Wolfgang Wittrock: Ein Berliner Kunsthändler unter Beschuss
Wolfgang Wittrock, ein umstrittener Kunsthändler in Berlin, sorgt für Aufsehen. Seine unkonventionellen Methoden und provokanten Ideen bringen ihm den Vogel von seinen Kollegen ein.
Wenn man durch die Straßen von Berlin schlendert, könnte man meinen, dass die Kunstszene hier ein harmonisches Miteinander darstellt. Aber der Schein trügt. Ein Name, der immer wieder für Diskussionen sorgt, ist Wolfgang Wittrock. Ein Kunsthändler, der nicht gerade unauffällig ist. Im Gegenteil, seine Methoden sind so provokant, dass sich viele Kollegen schütteln und ihm den Vogel zeigen.
Wolfgang ist ein Charakter. Mit einem breiten Lächeln und einem scharfen Verstand verkauft er Kunst, die oft polarisiert. Er hat ein Gespür dafür, was im Trend liegt, und ist bekannt dafür, seltene Stücke und aufstrebende Künstler zu fördern. Seine Galerien sind nicht nur Verkaufsstellen, sondern auch Plattformen für Diskussionen. Doch genau das sorgt oft für Ärger.
Kontroversen und Kritiken
Nehmen wir zum Beispiel seine letzte Ausstellung, die mit dem Titel "Provokation in Farbe" betitelt war. Die Kunstwerke waren eine Mischung aus Sozialkritik und experimenteller Kunst. Während einige die Kreativität und den Mut lobten, fanden andere, dass die Ausstellung einfach nur geschmacklos war. "Kunst muss nicht immer schockieren", sagen seine Kritiker. "Wolfgang geht zu weit und verliert dabei das Wesentliche aus den Augen."
Ein wichtiger Punkt im Gespräch über Wittrock ist seine unkonventionelle Preisgestaltung. Während die meisten Händler nach der Tradition gehen, setzt Wolfgang auf das Prinzip der Emotion. Er sagt immer: „Wenn ein Kunstwerk dich berührt, ist es den Preis wert, den du bereit bist zu zahlen.“ Das klingt für viele nach einer aufregenden Idee, für andere ist es purer Wahnsinn.
Seine Kollegen sind oft nicht amused. Sie sehen nicht nur die Gefahr einer Inflation der Kunstpreise, sondern auch das Risiko, dass die Wertigkeit der Kunst selbst infrage gestellt wird. "Er verkauft nicht nur Bilder, sondern auch das Gefühl, etwas ganz Besonderes zu besitzen", sagt ein anderer Kunsthändler. „Das kann nicht gut gehen.“
Trotz der heftigen Kritik hält Wolfgang an seiner Strategie fest. Für ihn ist das die Zukunft des Kunsthandels. „Wir leben in einer Zeit, in der jeder alles im Internet findet. Also muss der Kunsthändler etwas anderes bieten.“
Man kann Wolfgang durchaus als Visionär sehen. Vielleicht ist der Grund, warum seine Kollegen ihm den Vogel zeigen, ihre Angst vor der eigenen Unzulänglichkeit. Sie befürchten, dass er mit seinen Methoden die Branche in eine Richtung führt, die sie nicht kontrollieren können.

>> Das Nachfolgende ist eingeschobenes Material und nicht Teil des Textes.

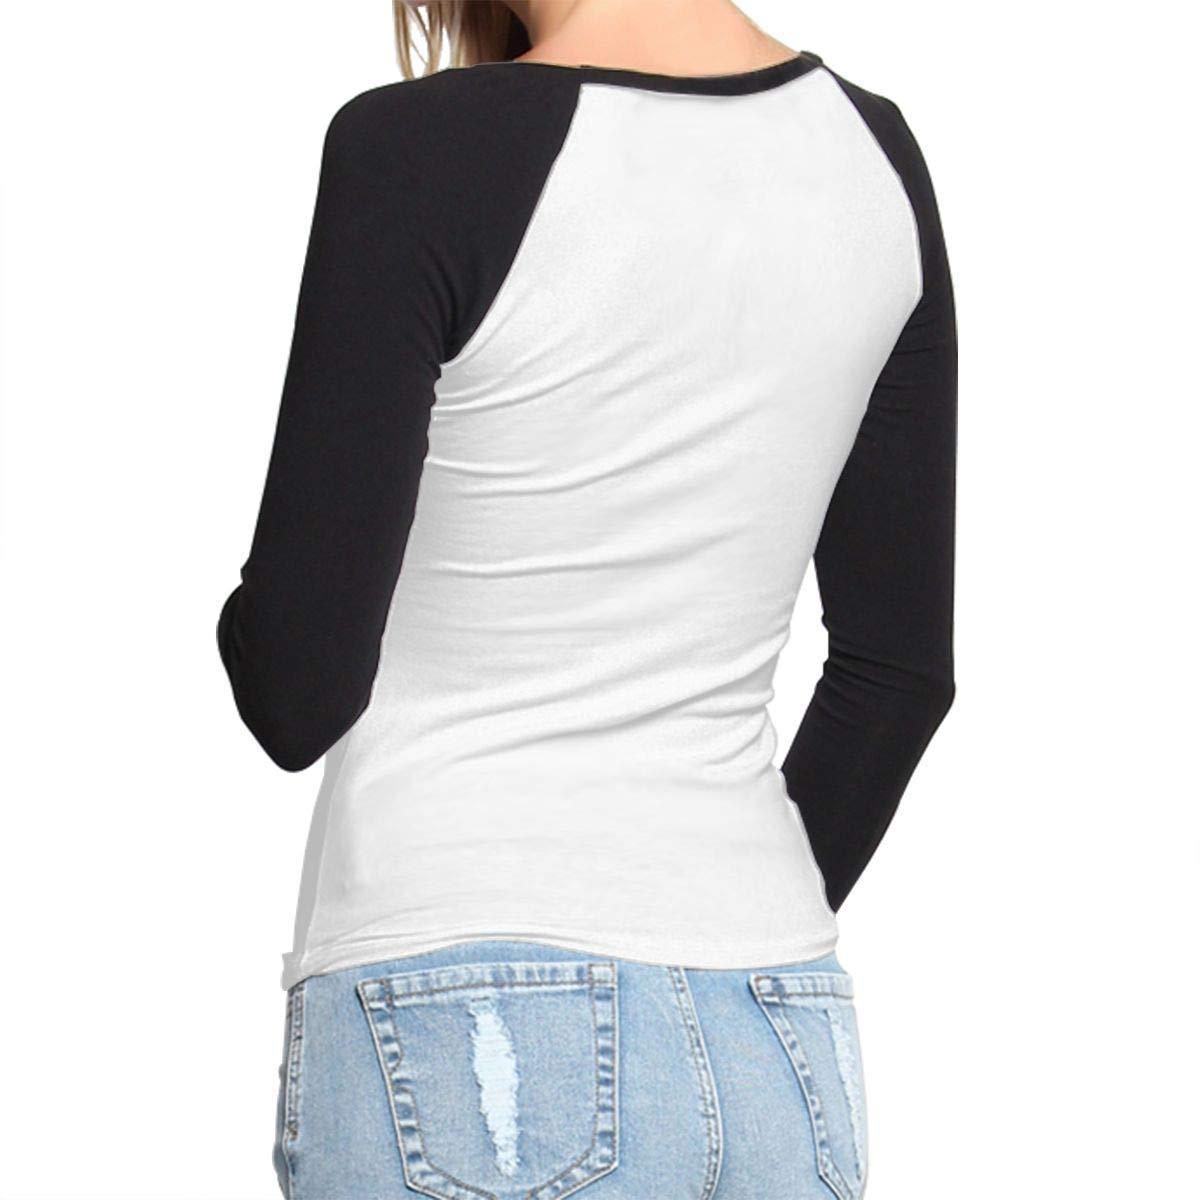 Merry Christmas Womens Raglan Tee Shirts Long Sleeve Womens Baseball Tops Black

Doch es gibt auch ganz pragmatische Gründe für den Unmut. Die Atmosphäre unter Berlinern kann zwar kreativ sein, aber auch sehr konkurrenzbetont. Wenn einer die Regeln bricht, wird das nicht immer gutgeheißen. Während die eine Seite von Wittrocks Erfolg inspiriert ist, ist die andere Seite verunsichert und sieht ihn als Bedrohung.
Wolfgang stört nicht nur die Wellen der Kunstszene, sondern auch die Vorstellungen davon, was Kunst überhaupt ist. Fragen über Authentizität, Wert und Bedeutung werden aufgeworfen. Das ist wie ein Seelenstriptease für die Kunstwelt, und das zieht nicht nur die Neugier der Sammler an, sondern auch die der Öffentlichkeit.
Am Ende des Tages ist Wolfgang Wittrock mehr als nur ein Kunsthändler. Er ist ein Spielverderber, ein Provokateur und vielleicht ein bisschen ein Held, je nachdem, wen man fragt. Er hat eine ganze Reihe von Ausstellungen, Galerien und Kunstprojekten ins Leben gerufen, die immer wieder Gespräche auslösen. Wie wird die Geschichte für ihn weitergehen? Das bleibt abzuwarten. Eines ist sicher: Die Kunstszene in Berlin wird ihn nicht so schnell vergessen.